Well, this is a horse of a different color. Or is it? The emphasis on exacting physical standards reminds us that the world of elite athletics, like horse racing, is far more than just a game. The existence of regulatory boards at the local, national and international level, all vested with varying amounts of quasi legal authority, attests to its importance. Athletes become more than just individuals, but instead are representatives of a unique form of cultural production—Big Sports. As I have written elsewhere (see my paper A 'Ho New World ), Big Sports, in its processes and prerogatives, is uniquely masculine and racialized, and is a venue where fans can act out fantasies of domination via the subordinated bodies of the athletes, whether on an individual, regional, national or international level. In the regime of Big Sports, athletes are more akin to animals: warm, breathing, performing bodies , pawns in the game to be scrutinized ("look at those shoulders!"), worshipped, rubbed and touched like totems or talismans and finally discarded as the circumstances dictate. The focus on women in Big Sports adds an entirely other dimension. Women are sometimes seen as an affront to male notions of sports performance, especially when prevailing cultural and social norms mediate for disinterest in sports participation among women. Excellent women athletes can and do raise social ire because they inhabit a domain that is fundamentally male.

So what about if a woman is not really a woman when participating in big time women's athletics? That's cheating, right? This raises a discussion about the gender aspects of physical performance. While many physicians and scientists would agree that males often outperform females in physical tests, what is not often enough discussed is the reliability of the physical performance tests selected in such assessments and the extent to which such outcomes are more a reflection of women's relative lack of training. So, for instance, if men often outperform women on push-ups, this may be a result of the women's lack of upper-body physical training rather than an innate strength advantage in men. At the end of the day, strength, like so many other capacities, falls along a spectrum in various individuals of either gender and concentrations of strength among men may be more socially rather than biologically dictated.

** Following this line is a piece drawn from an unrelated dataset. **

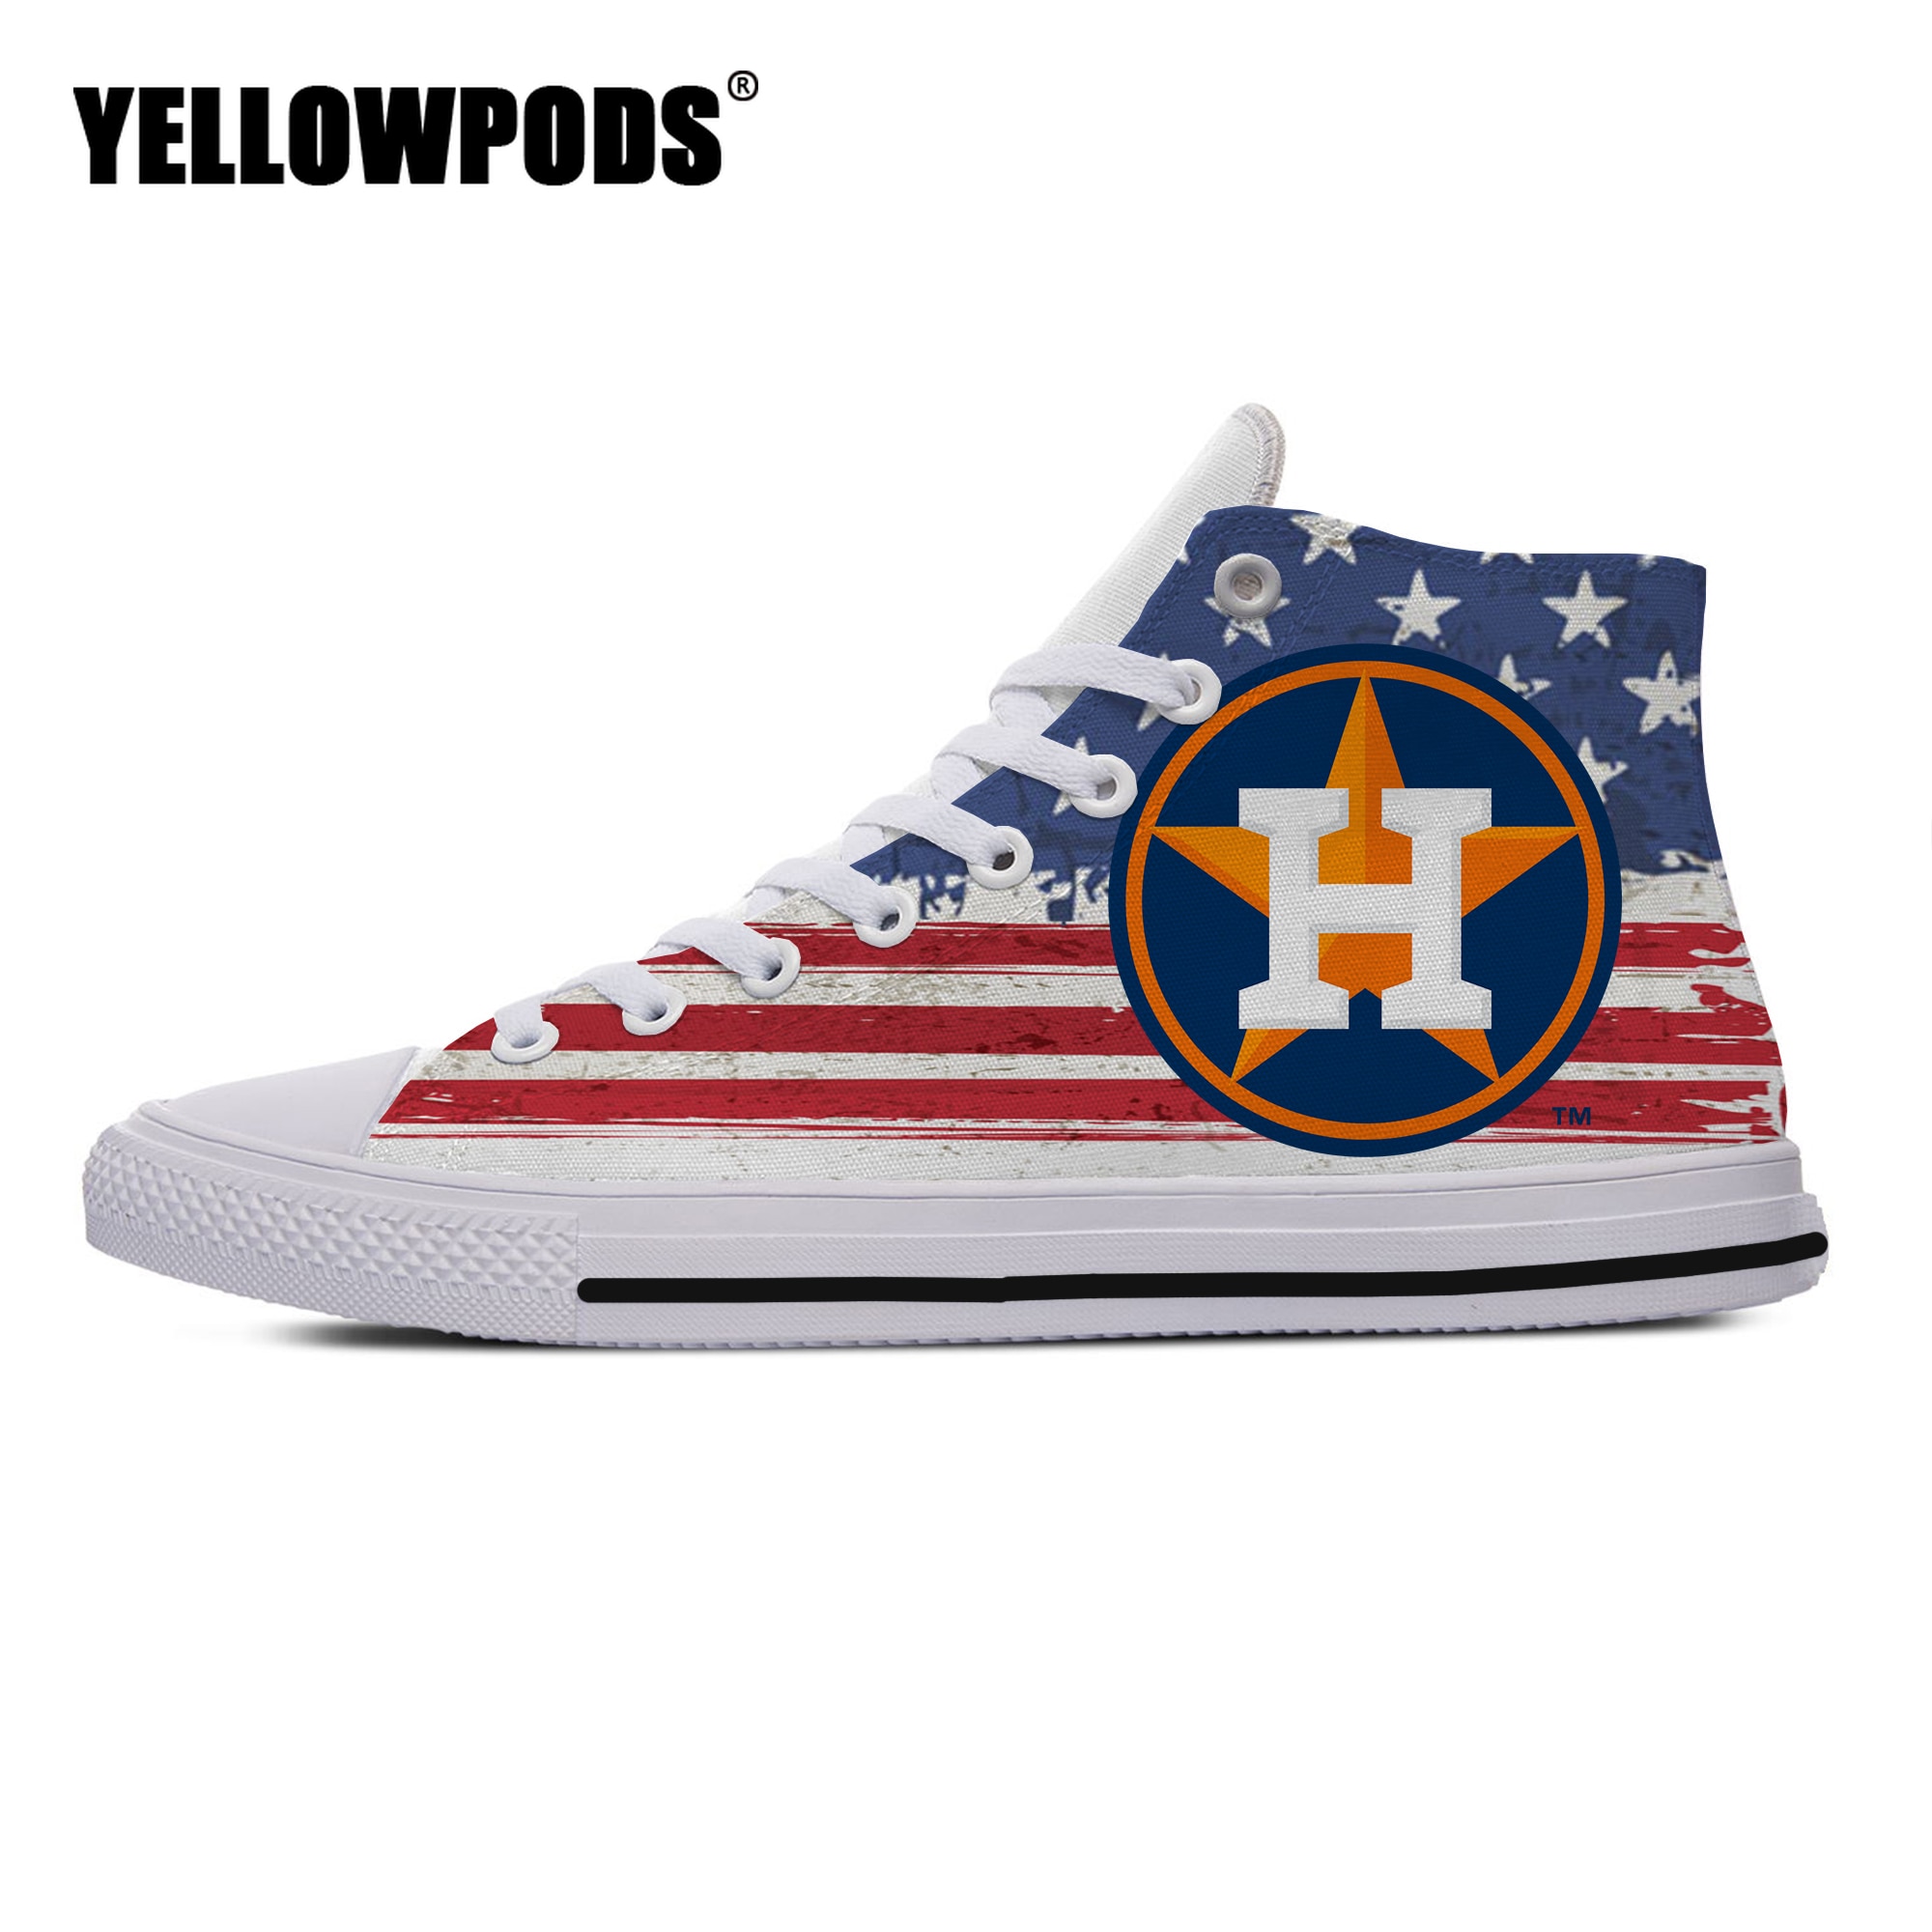 Sport Shoes for Women Pattern Astros Imges for Houston Fans Running Shoes Lightweight and Stylish Men Fashion Canvas Sneakers

Yeah, yeah, you may say. How ever it is that men happen to be, on the average, stronger than women, doesn't matter. The difference in physical performance is what causes us to divide sports activity by gender. As one of my kids says, if they didn't, women would get blown away a lot until they catch up to male standards of training. To preserve women's sports, we have to limit participation to only women. Only women. Uh-oh, it's that dreaded p-word again: time for a panty check. (see my entry on Sarah Palin, "Teacher, Teacher, I Declare" for a discussion of a whole other kind of panty check—or is it?)

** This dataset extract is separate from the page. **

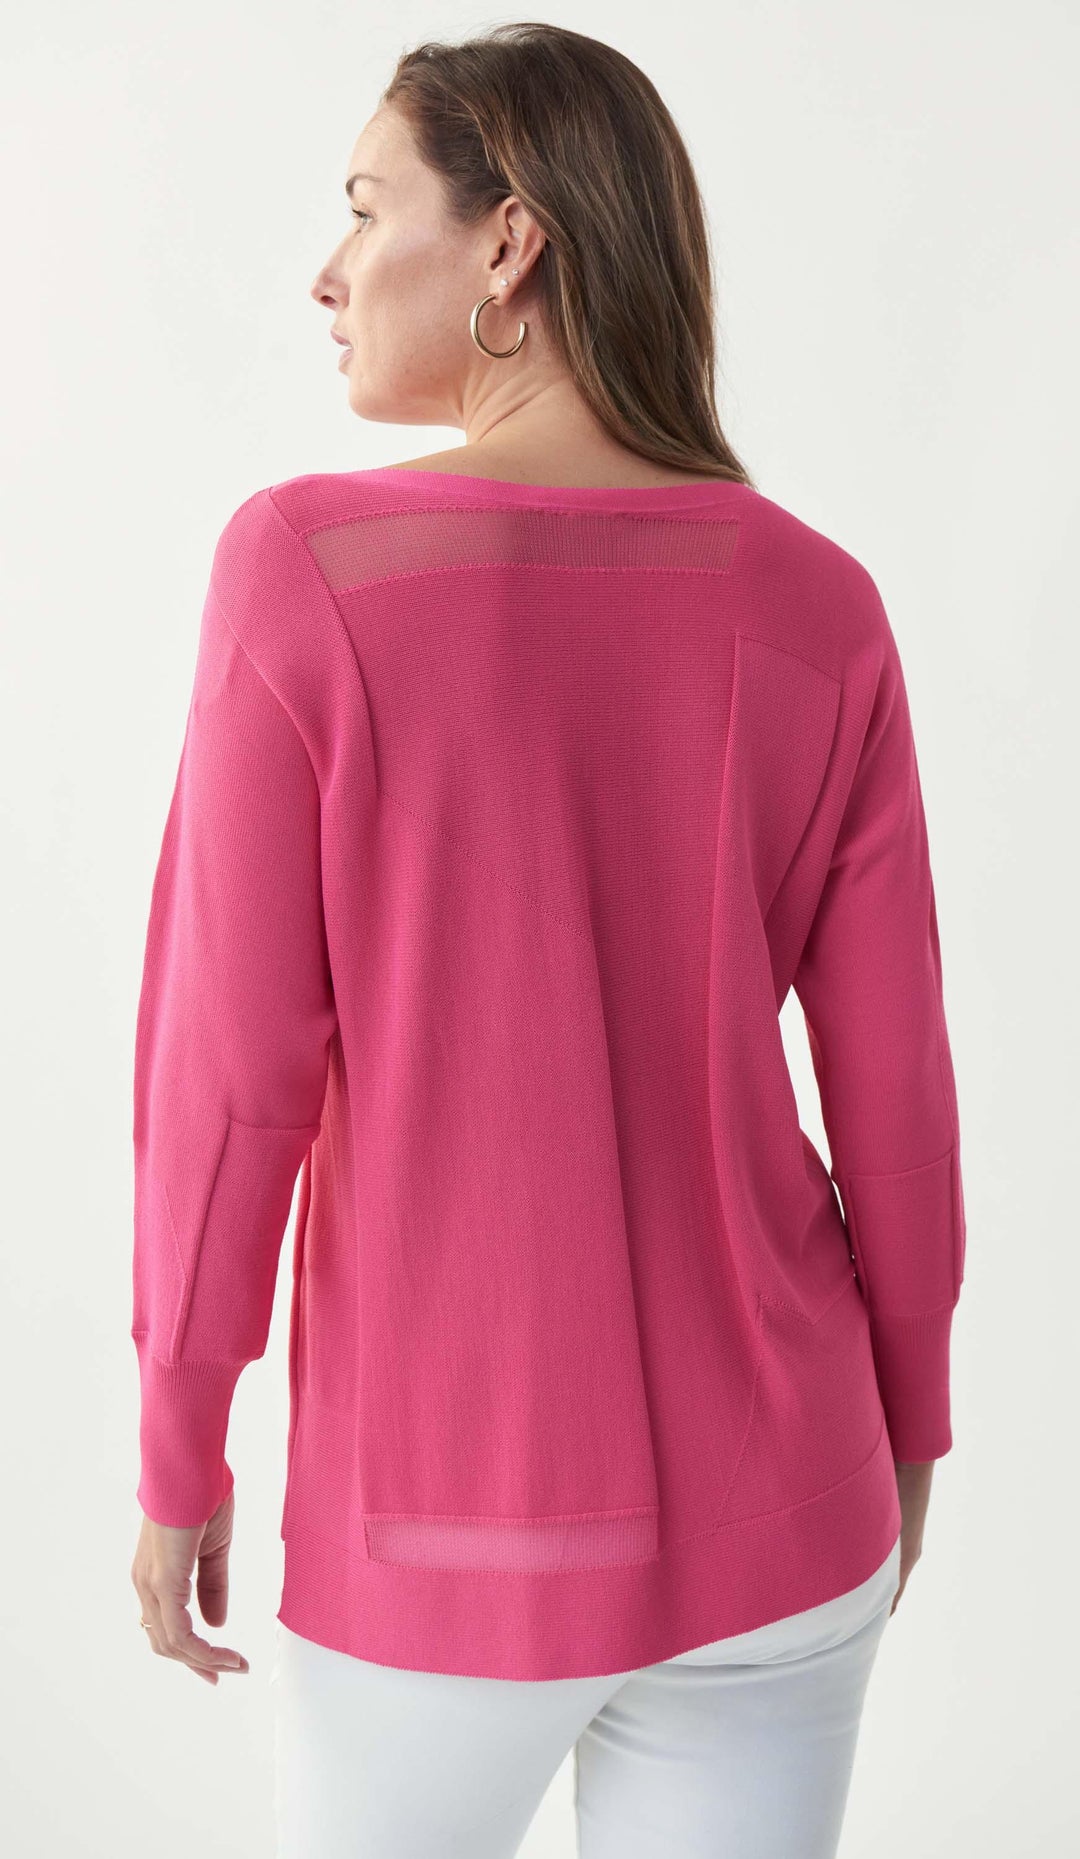 Joseph Ribkoff Raspberry Sorbet Cut-Out Knit Top Style 221909 - Knitwear, New, Raspberry Sorbet, SS22, Top ginasmartboutique

Determining gender is far more complex than many people imagine. If it were as simple as a panty check, a trip to the showers would suffice. Here the public seems to reduce the human to the animal, querying gender from its apparent physical aspects instead of recognizing the biochemical, psychological and sociological processes which comprise it. What is deeply troubling in the case of Caster Semenya is that regardless of the outcome of the official "gender verification", this young woman has undoubtedly been inalterably changed by international attention not to her full human essence, or even to her full athletic essence, but rather to her private parts.